Reliance collaboration with Google’s smartphone faces supply chain setback

Billionaire Mukesh Ambani’s blueprint to surmount the Indian market with a locally assembled Google-powered smartphone is suffering a backfall, due to the disruptions in the supply chain and rising component prices which are stifling production volumes. The co-branded phone is dated to launch on June 24 at a company shareholder meeting, which will be followed by an official debut in the months of August or September.

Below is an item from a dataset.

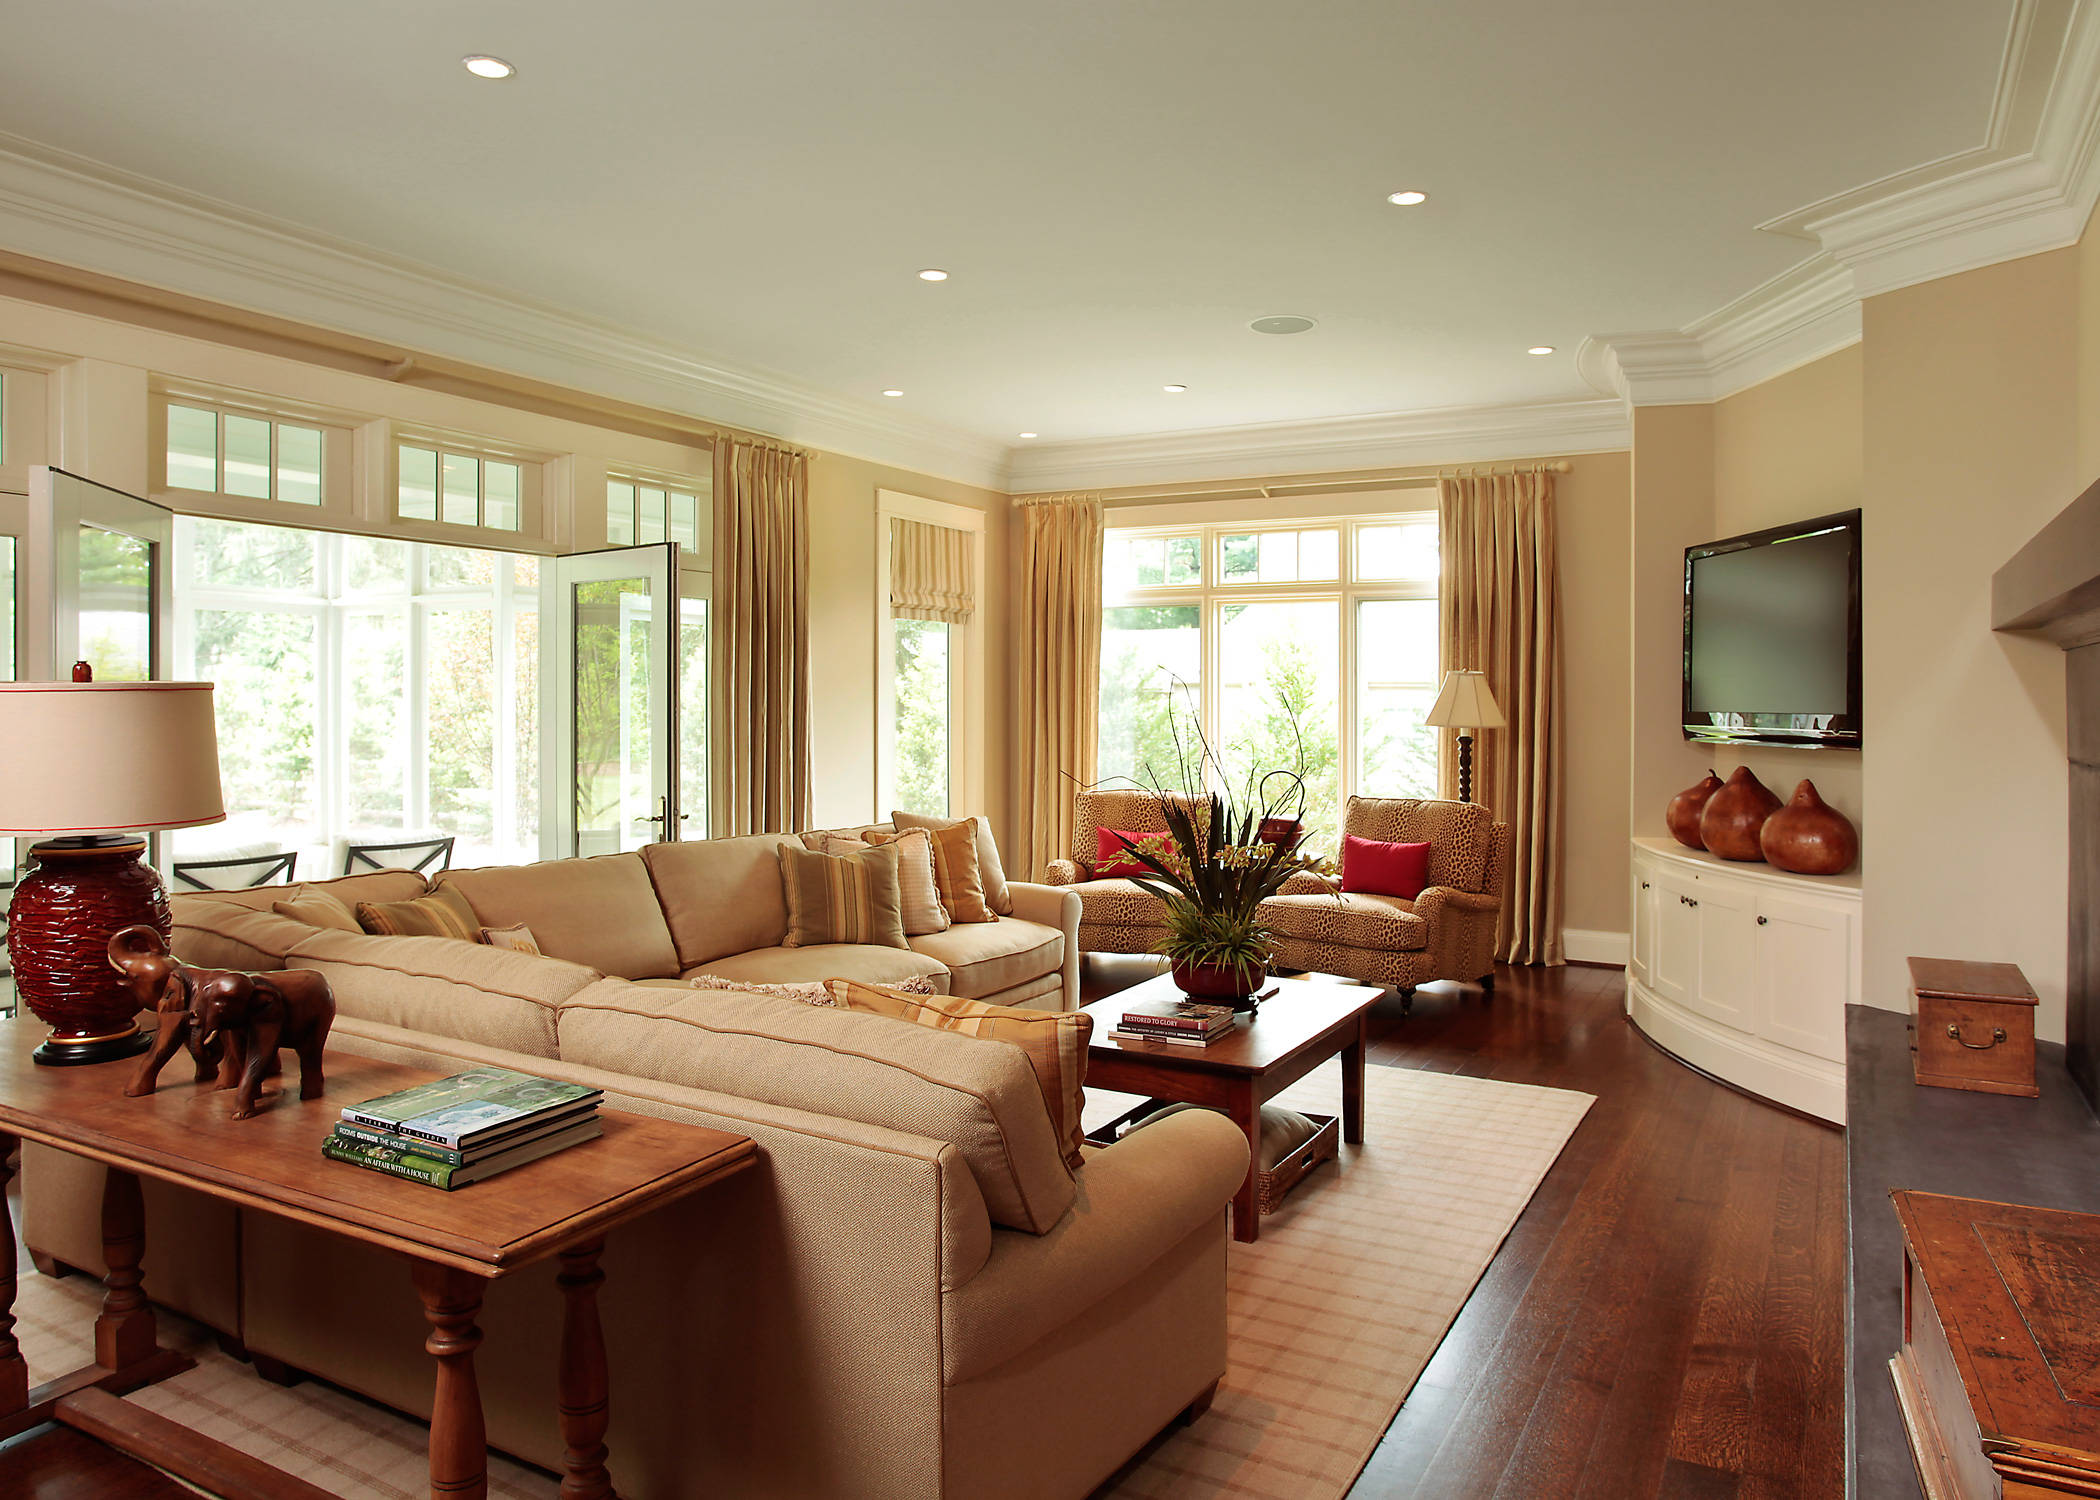 75 Family Room with a Corner TV Ideas You'll Love - December, 2023 | Houzz

The original plan of Ambani’s Reliance Industries Ltd. was to make sales in the hundreds of millions in the preliminary years for the inexpensive device. This plan was then squashed as now they are looking forward to a small fraction of that at launch. Even the slightest delay in the launch would be a significant setback for Reliance and its manufacturing partners in India.

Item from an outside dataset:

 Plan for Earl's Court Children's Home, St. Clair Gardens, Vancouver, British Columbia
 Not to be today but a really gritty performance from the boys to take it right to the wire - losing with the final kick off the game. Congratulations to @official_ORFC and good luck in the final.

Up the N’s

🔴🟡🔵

Ambani aims to transform the world’s fastest-growing smartphone market in the same way he did for wireless services, but with competitive pricing.

The engineers of Reliance and Google have consolidated manpower to make a device for the technology-hungry but a price-sensitive country with an abundance of internet users who are expected to be over 900 million by 2025. They have devised a hardware design and a version of the Android operating system. This technology can deliver a high-end experience without expensive materials.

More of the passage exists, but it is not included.